The decision to change the whole structure, constitution and purpose of the Club to become a Community Benefit Society (CBS) was not taken lightly and it didn’t happen overnight. The creation of Dunstable Town FC Ltd on the 8th July 2021 came about only after many hours of meetings with the Football Supporters’ Association (FSA), fellow CBS clubs, AFC Rushden & Diamonds & Lewes FC, and after the Financial Conduct Authority (FCA) assessed we met the strictest financial standards required.
The history of Community/Fan owned clubs can be traced back over 20 years, Enfield Town hold the distinction of being the first semi-professional club to become completely owned by their fans.
Dunstable Town FC became the 46th semi-professional club to follow in their footsteps.

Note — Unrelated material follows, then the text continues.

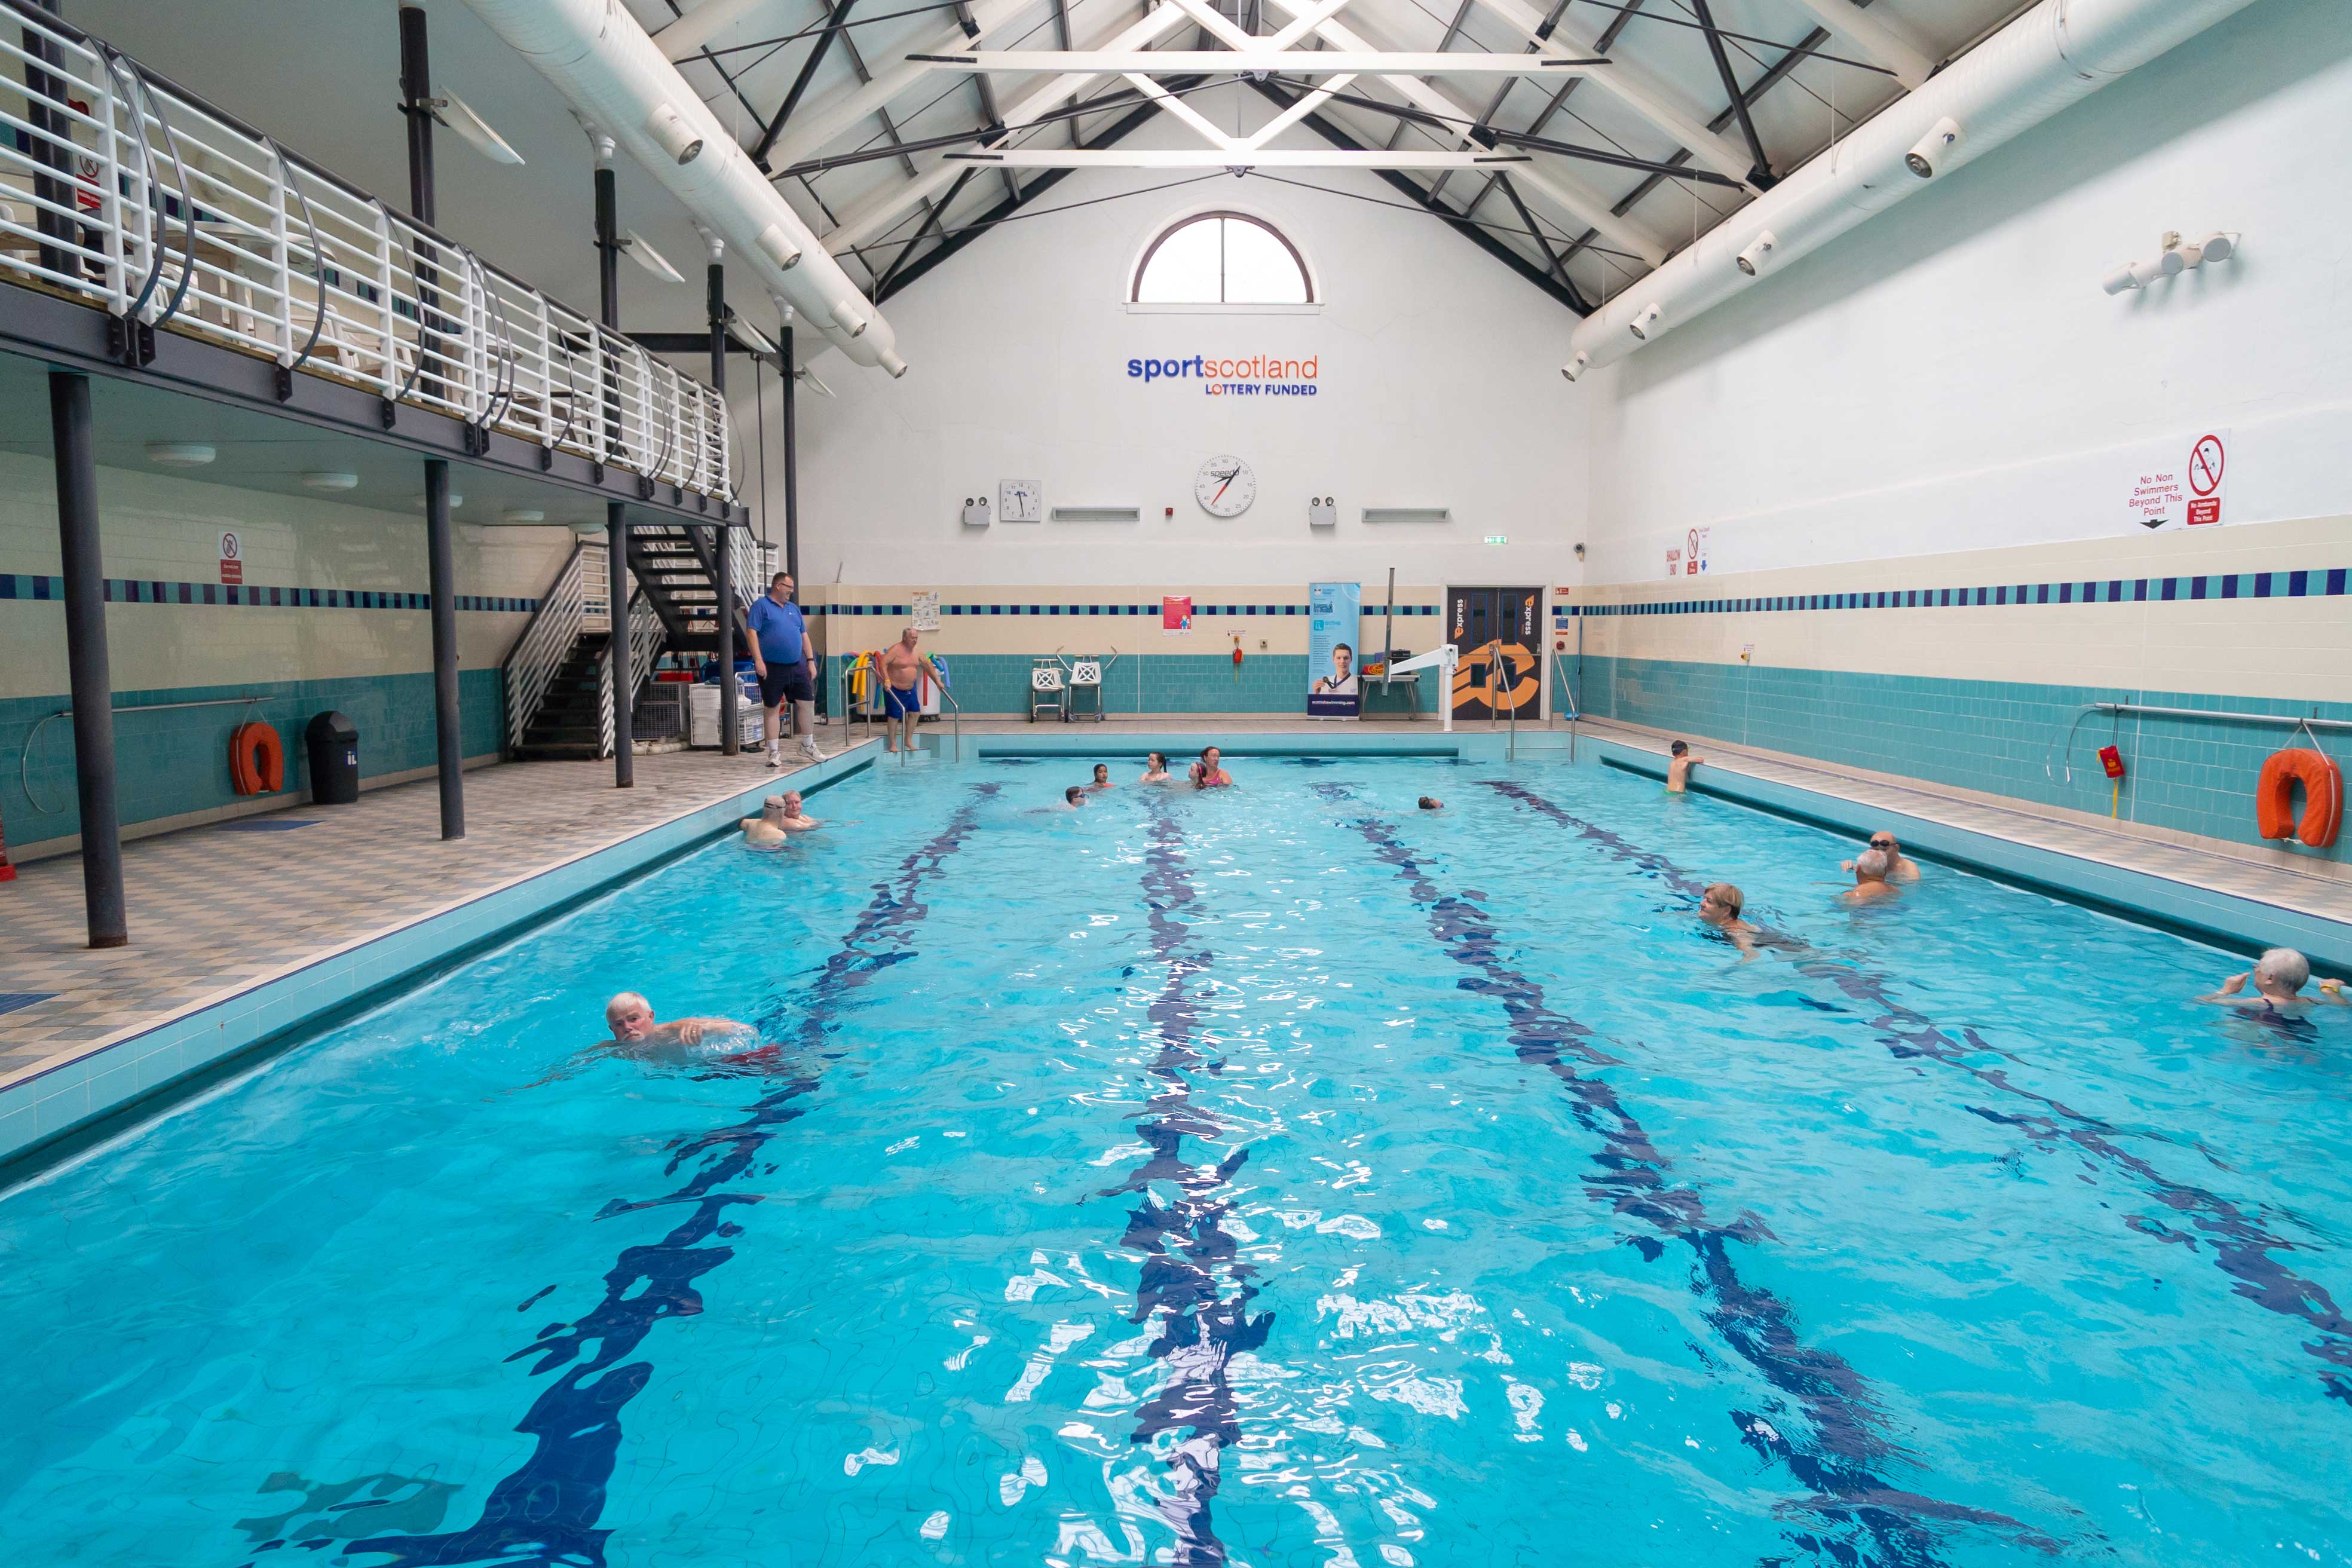 Port Glasgow Swimming Pool

Many of our fellow CBS clubs will have enjoyed success higher up the football pyramid before becoming community/fan-owned. Privately owned and riding the boom-and-bust football rollercoaster until, almost inevitably, an investor withdraws, or debt levels become unserviceable. The club’s future hangs in the balance, or as in the case of some, goes out of business before fans’ groups decide to band together to start afresh and run a new club, ethically and sustainably.
Our most recent history since 2017 has been a tale of dogged resistance and an immense team effort by a group of individuals working together to run a semi-professional football club.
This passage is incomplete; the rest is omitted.